Truly Automatic Refactoring of Python - a possible recipe?

This could be a useful thing to automate:

  1. Finding duplicate code with PMD, or even BETTER - rewrite code to use unified names of variables (think Prolog-like unification) in order to find more duplicates, e.g. def foo(name=”“) and def bar(zoo=”“) would actually be dups if they were unified to e.g. def function0(var0=”“) (assuming the function bodies are equal - when unified - though).
  2. Reduce duplicate code by using truly automated refactoring, this could be done by using the Rope refactoring library and empirically trying to do extract method on dups (i.e. if it succeeds the other corresponding dup(s) could be replaced by function calls).
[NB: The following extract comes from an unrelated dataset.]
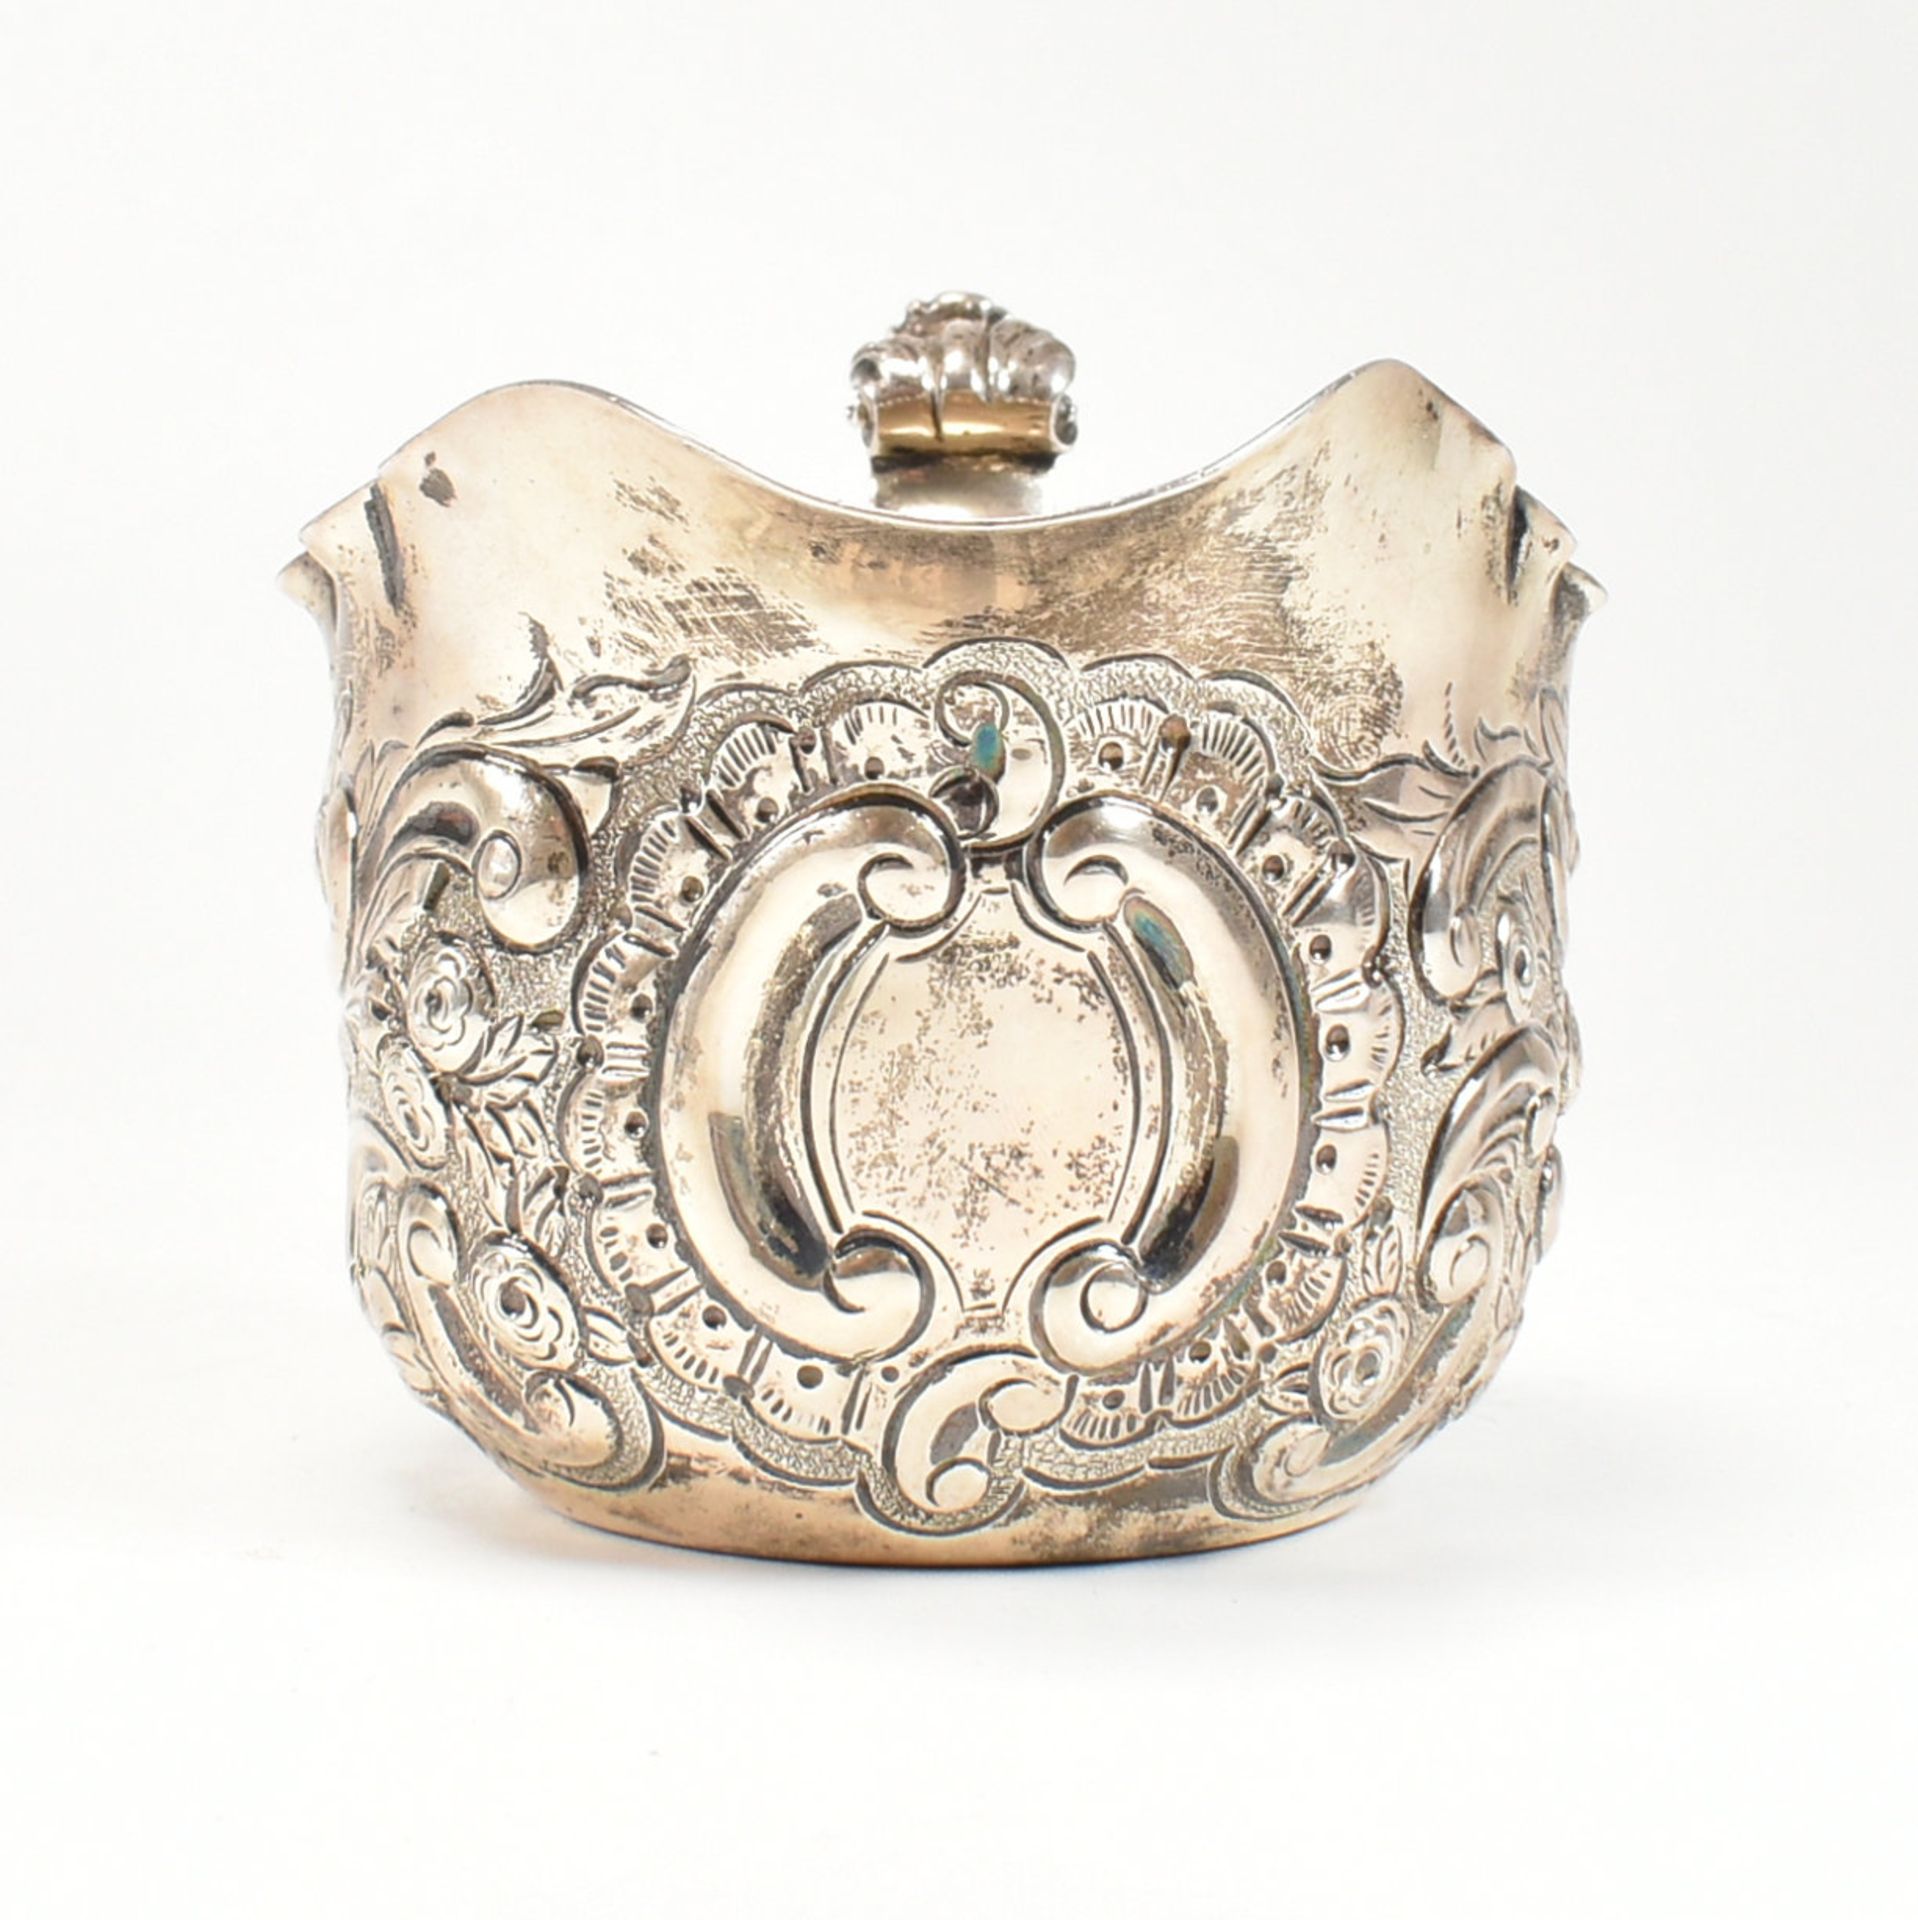 EARLY 20TH CENTURY HALLMARKED SILVER CREAMER - Image 2 of 7

This algorithm that tries to extract methods from variable line spans of code can measure the efficiency of the refactoring in number of lines saved (this is probably a dynamic programming problem since there can be overlaps between potential function extractions). But naming of the new functions and variables are way harder to do, any suggestions? 
  3. Result: a lot of dups removed?

Related - Example of method extraction with Rope:


import unittest

import rope.base.codeanalyze
import rope.base.exceptions
import ropetest.testutils as testutils
from rope.refactor import extract
from ropetest import testutils

class ExtractMethodTest(unittest.TestCase):

    def setUp(self):
        super(ExtractMethodTest, self).setUp()
        self.project = testutils.sample_project()
        self.pycore = self.project.pycore

    def tearDown(self):
        super(ExtractMethodTest, self).tearDown()

    def test_simple_extract_function(self):
        code = "def a_func():\n    print('one')\n    print('two')\n"
        start, end = self._convert_line_range_to_offset(code, 2, 2)
        refactored = self.do_extract_method(code, start, end, 'extracted')
        expected = "def a_func():\n    extracted()\n    print('two')\n\n" \
                   "def extracted():\n    print('one')\n"
        self.assertEquals(expected, refactored)

What do you think of this (potential) approach?

Best regards,

Amund Tveit